Let's investigate non-coffee drinking and dying:

- P(Non-Drinker) = 6477/69164 `\(\approx\)` 0.09365
- P(Died) = 9080/69164 `\(\approx\)` 0.131

If these were independent, we would *expect* P(Non-Drinker AND Died) to be
6477/69164 `\(\times\)` 9080/69164 `\(\approx\)` 0.012. So, we expect approximately 
850 study participants to be non-drinkers who died.

---

## Observed vs. expected counts

The **observed** number is 1039, for a difference of 189 participants between
the observed and expected counts.

.question[
Is this strong evidence against the claim of independence?
]

---

## Observed vs. expected counts

Well, that was just one cell! There are five more cells in which there may be differences between observed and expected counts.

.question[
How can we sum up these differences in a principled way, and use it to conduct statistical inference?
]

---

## The chi-square test

The .vocab[chi-squared test] has a very nice motivation in terms of comparing observed vs. the expected counts that we would expect if `\(H_0\)` were true.

If these total differences are **"large enough,"** then we **reject** the null hypothesis.

- To combine differences across table cells, we need to square them before adding 
them up (so that
negative differences aren't canceled out by positive differences)

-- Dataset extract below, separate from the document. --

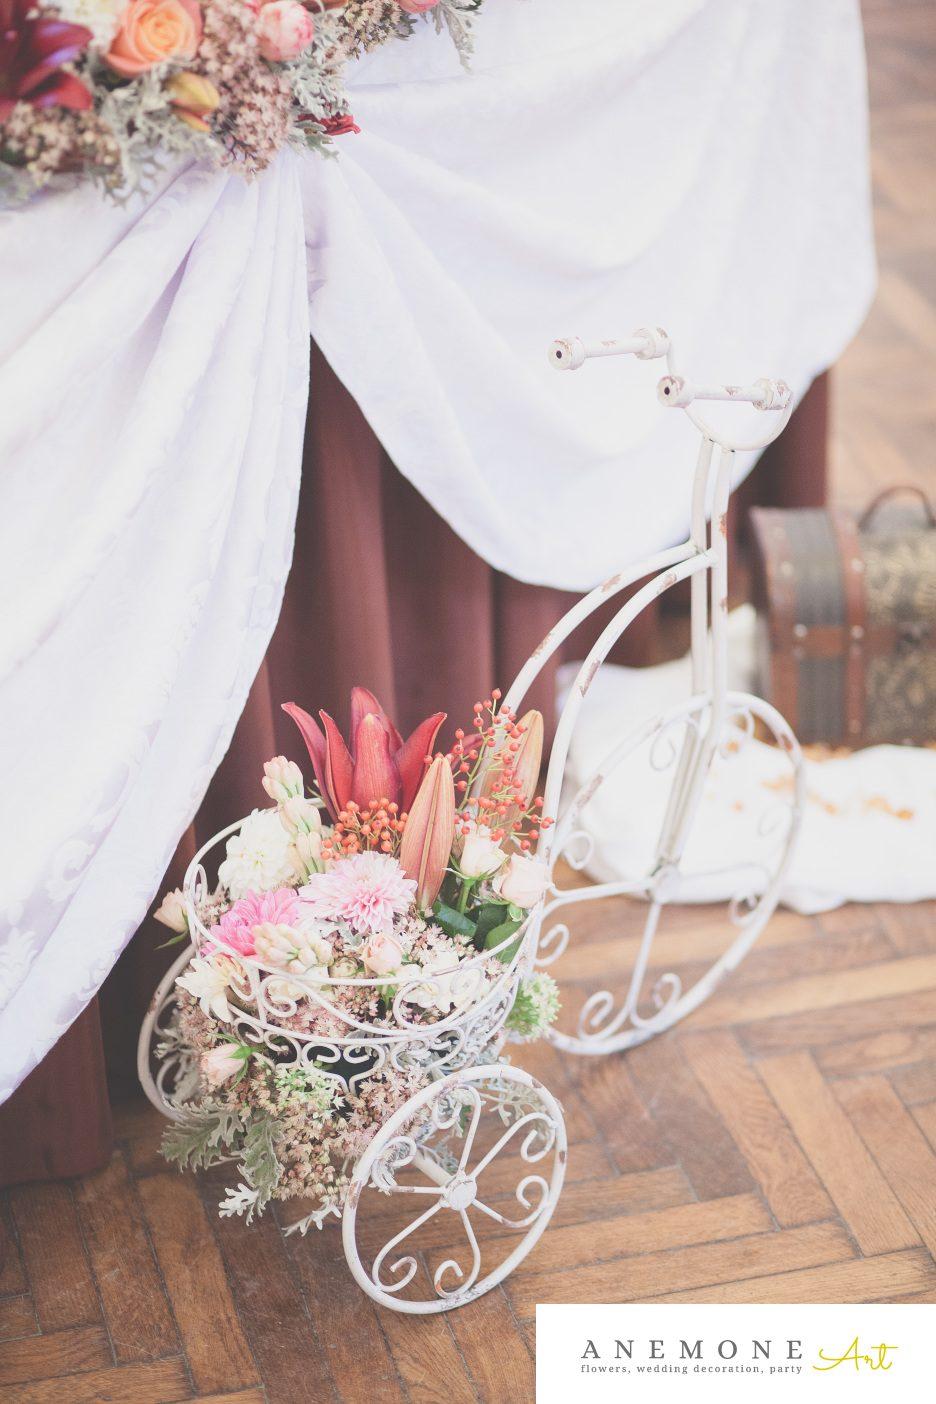 Poza, foto cu Flori de nunta bicicleta, bordo, prezidiu in Arad, Timisoara, Oradea (wedding flowers, bouquets) nunta Arad, Timisoara, Oradea

- We will also scale these differences by the expected count (a difference of 189 participants isn't large when thinking about 100,000 total observations, but is huge when thinking about 300 total observations!)

---

## The chi-square test statistic

The chi-square `\(\chi^2\)` test statistic is

`\begin{align*}
\sum_{i \in {cells}}^{r \times c} \frac{(O_i - E_i)^2}{E_i},
\end{align*}`

where `\(r \times c\)` is the number of cells in the table (rows times columns), `\(i\)` indexes across all cells, `\(O_i\)` is the expected count in cell `\(i\)`, and `\(E_i\)` is the expected count in cell `\(i\)`.

This statistic is the total squared difference between the observed and expected cell counts, scaling by the expected cell count for each cell.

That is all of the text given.